FUCITI (Facitto, Facittus, Focitta) Domenico
Nato a Napoli nel 1623, entrò il 10 nov. 1638 nel collegio che la Compagnia di Gesù aveva in quella città. Dopo esser stato ordinato sacerdote e aver insegnato per quattro anni discipline umanistiche, nel 1653 venne destinato alle missioni in Asia. Il 4 ott. 1654 s'imbarcò a Vannes diretto in Portogallo, dove giunse il mese successivo, e il 23 marzo 1655 partì da Lisbona sul galeone "San Francisco" insieme con numerosi altri religiosi. Giunse così a Goa il 2 ag. 1655 e, dopo una sosta in quella città, a Macao nel luglio 1656. Nel 1657 venne destinato in Cocincina insieme con il francese Ignace Baudet nel quadro del programma di evangelizzazione della penisola indocinese, che la Compagnia di Gesù aveva iniziato, soprattutto grazie all'opera di Francesco Buzomi e di Alexandre de Rhodes.
La situazione nella penisola era caratterizzata dai contrasti fra i vari regni in cui essa si divideva: il Tonchino a Nord, con capitale Hanoi, la Cocincina, vale a dire l'Annam, con capitale Hue, il Champa a Sud corrispondevano grosso modo al territorio dell'odierno Vietnam. C'erano poi il Siam e la Cambogia. Al momento dell'arrivo del F. in Estremo Oriente, la Cambogia era sconvolta da una ribellione, mentre tra Tonchino e Cocincina esisteva uno stato di perenne ostilità, dovuto al proposito dei sovrani del primo di riportare sotto il proprio dominio le regioni meridionali dell'Annam. A complicare vieppiù la situazione concorrevano le rivalità tra Portoghesi e Olandesi, che, forti delle rispettive basi di Macao e di Formosa, intrattenevano rapporti con l'uno o con l'altro degli Stati contendenti.
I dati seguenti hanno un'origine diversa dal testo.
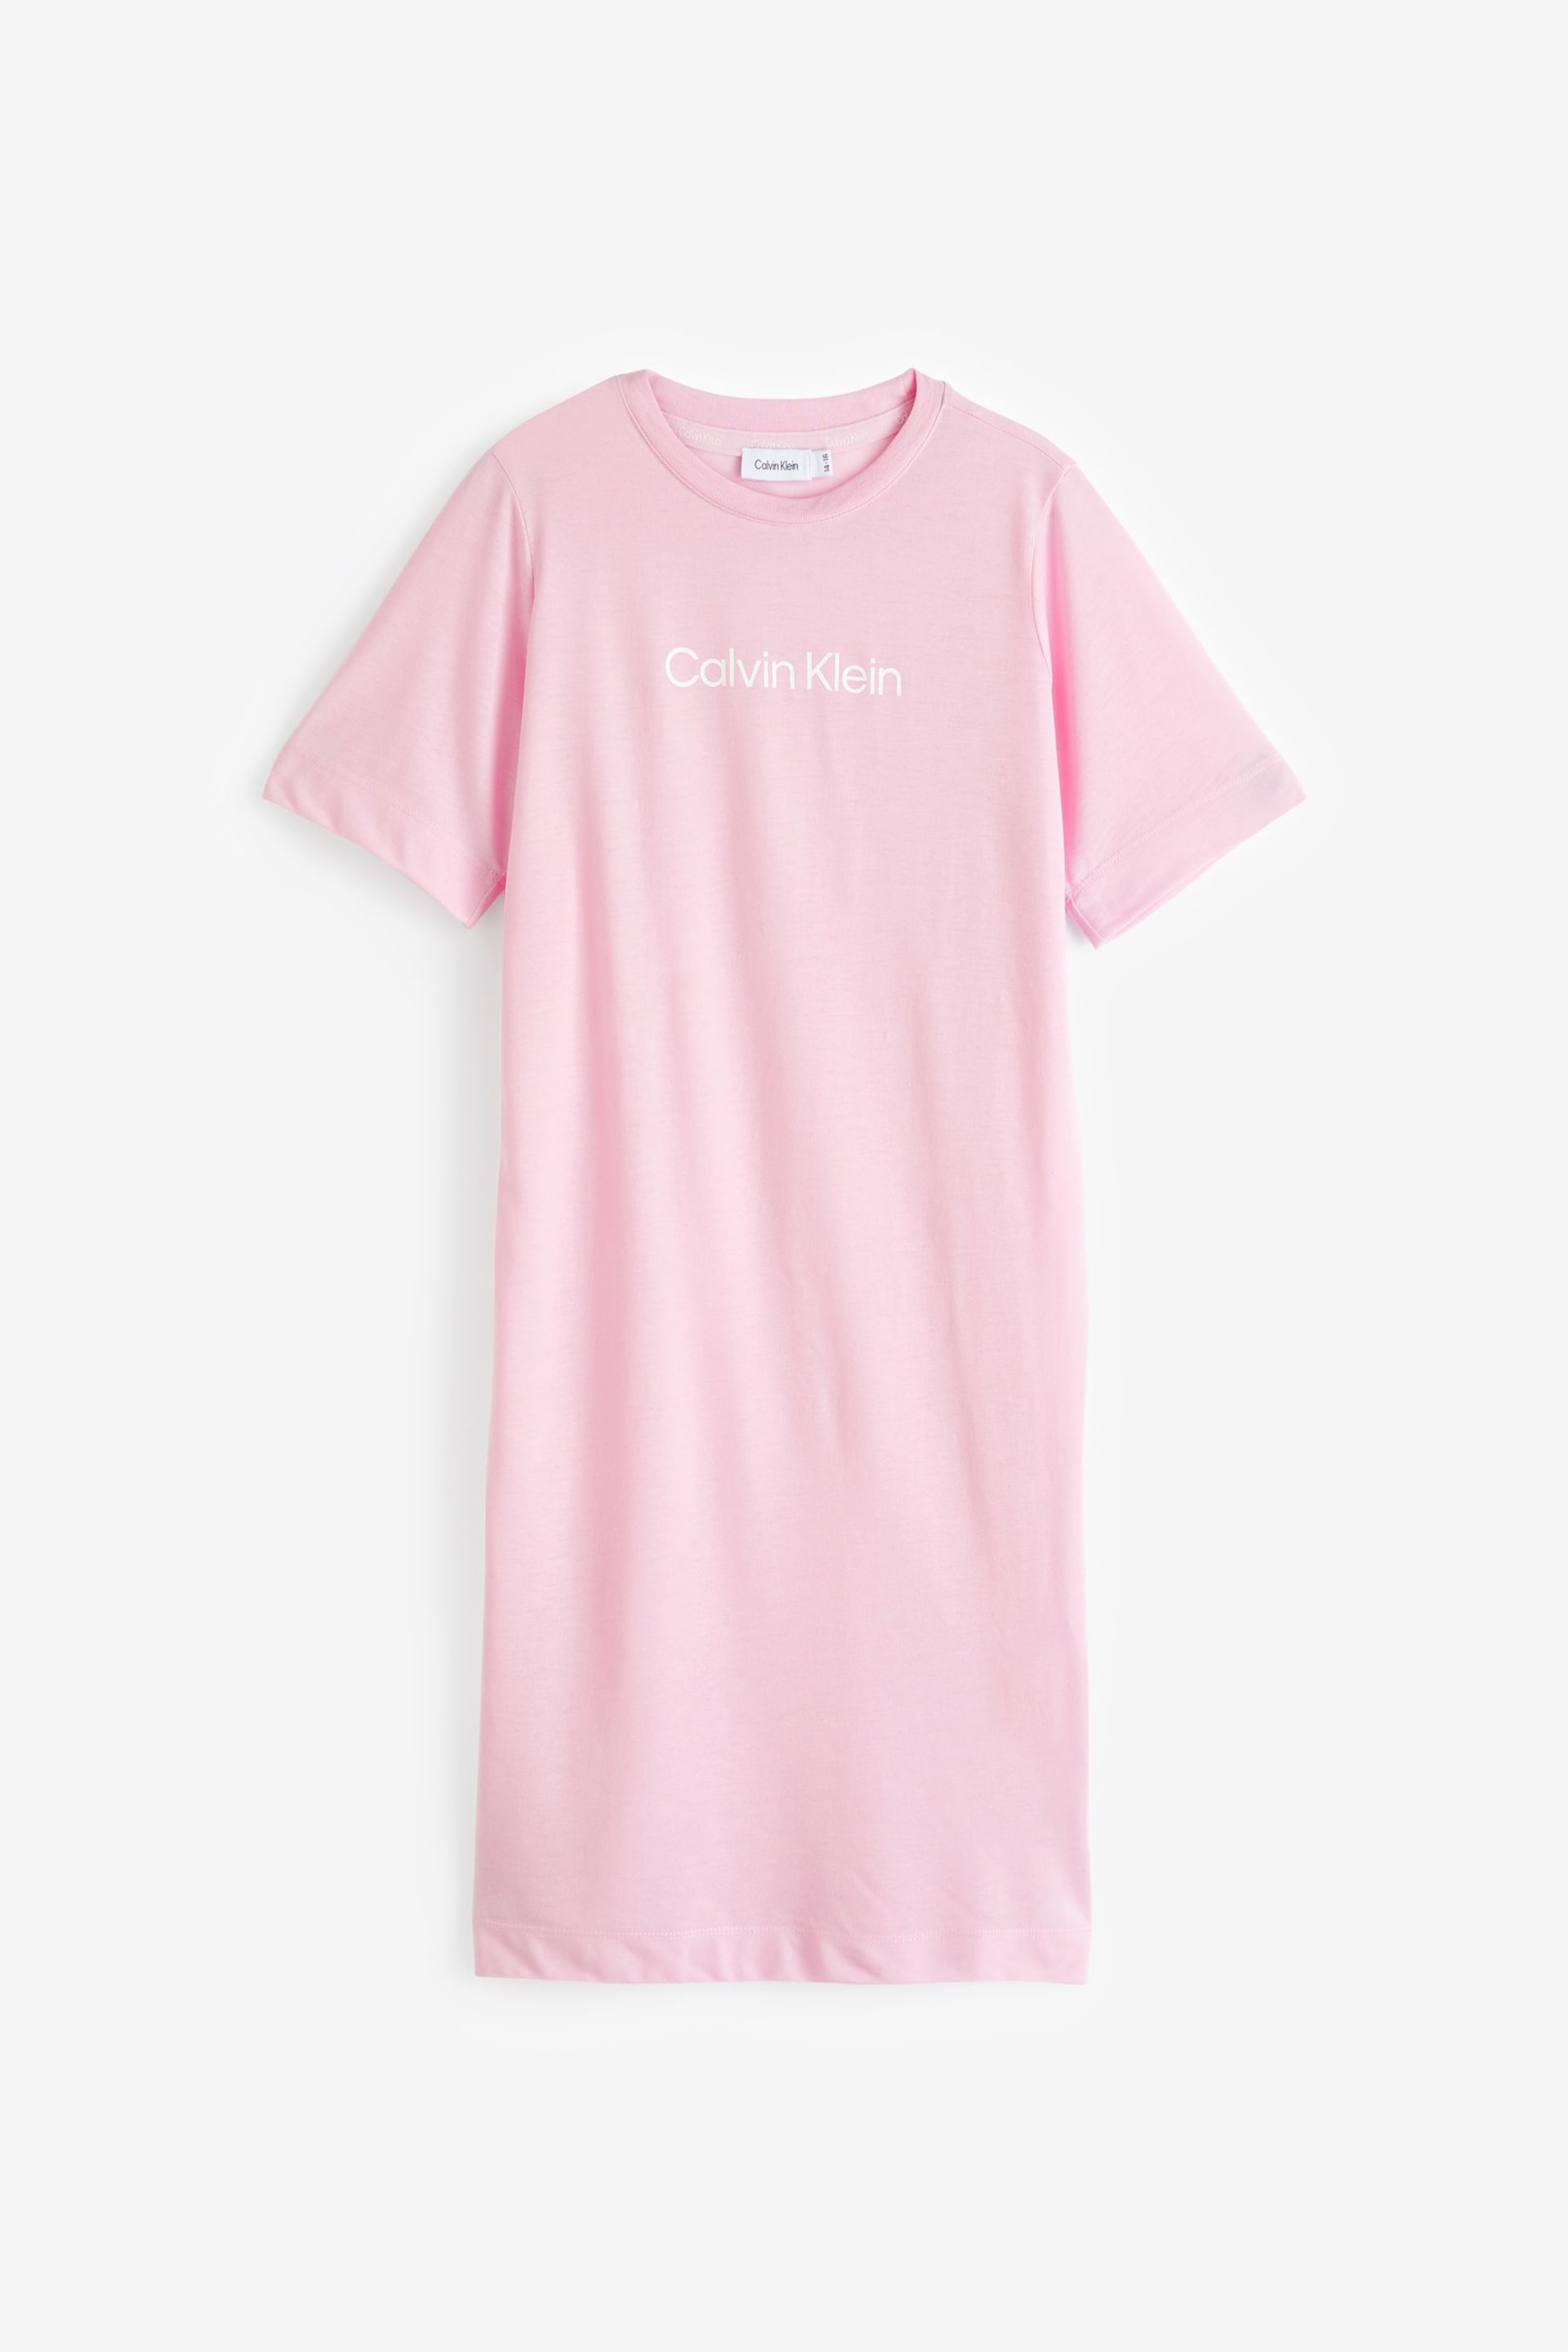 Calvin Klein Pink Slogan Nightdress - Image 1 of 1

Il F. e Baudet si imbarcarono su una nave del re della Cambogia che riportava in patria un ambasciatore reduce da una missione diplomatica in Cina. Sbarcarono così in Cambogia, dove furono costretti a nascondersi per non esser coinvolti nella guerra civile e poi a separarsi. Baudet fece infatti ritorno a Macao, intenzionato a ripartire da lì in direzione della Cocincina; il F. invece preferì rimanere in attesa di una nave che lo portasse direttamente nel paese dove era stato destinato. L'occasione gli si presentò di lì a poco, quando poté imbarcarsi insieme con alcuni mercanti cocincinesi che facevano ritorno a casa, ma che si rivelarono dei pericolosi malfattori pronti a ucciderlo per impadronirsi delle poche cose che portava con sé. Si salvò con la fuga non appena la nave dovette toccar terra; fu imprigionato dalle locali autorità e rimandato al porto di partenza, finché dopo varie peripezie poté finalmente reimbarcarsi su una nave cinese, che nel 1658 lo portò in Cocincina e lì nel 1659 fu raggiunto da Baudet. Insieme con un terzo gesuita, Pedro Marquez, il F. rimase in Cocincina per sette anni, conoscendo periodi di maggiore o minore successo nell'opera di evangelizzazione a seconda dei vantaggi che il sovrano del paese, impegnato in guerre contro Cambogiani e Tonchinesi, riteneva di poter derivare dall'intrattenere buoni rapporti con i Portoghesi di Macao e con i gesuiti, che a quest'ultima città facevano capo. Tuttavia a partire dal novembre 1663 l'atteggiamento del sovrano nei confronti del cristianesimo cambiò e per tutto il 1664 i fedeli vennero perseguitati, finché il 3 febbr. 1665 i tre gesuiti vennero espulsi dalla Cocincina e fatti imbarcare su una nave diretta in Siam. Inutile fu il tentativo compiuto dal F., nonostante il contrario avviso dei suoi stessi confratelli, di far ritorno clandestinamente in Cocincina, profittando di una sosta in un porto del Regno di Champa: fu infatti catturato e rimandato a bordo. Arrivato in aprile in Siam, due mesi dopo s'imbarcò nuovamente per Macao, dove venne vivamente sconsigliato dai suoi superiori dal tentare nuovamente di far ritorno in Cocincina come clandestino per non creare difficoltà ai mercanti portoghesi. Analoga sorte era già toccata ai gesuiti che operavano in Tonchino: il 12 nov. 1663 O. Borgès, P. Albier e J. Tissanier, tutti e tre francesi, erano stati espulsi da quel paese.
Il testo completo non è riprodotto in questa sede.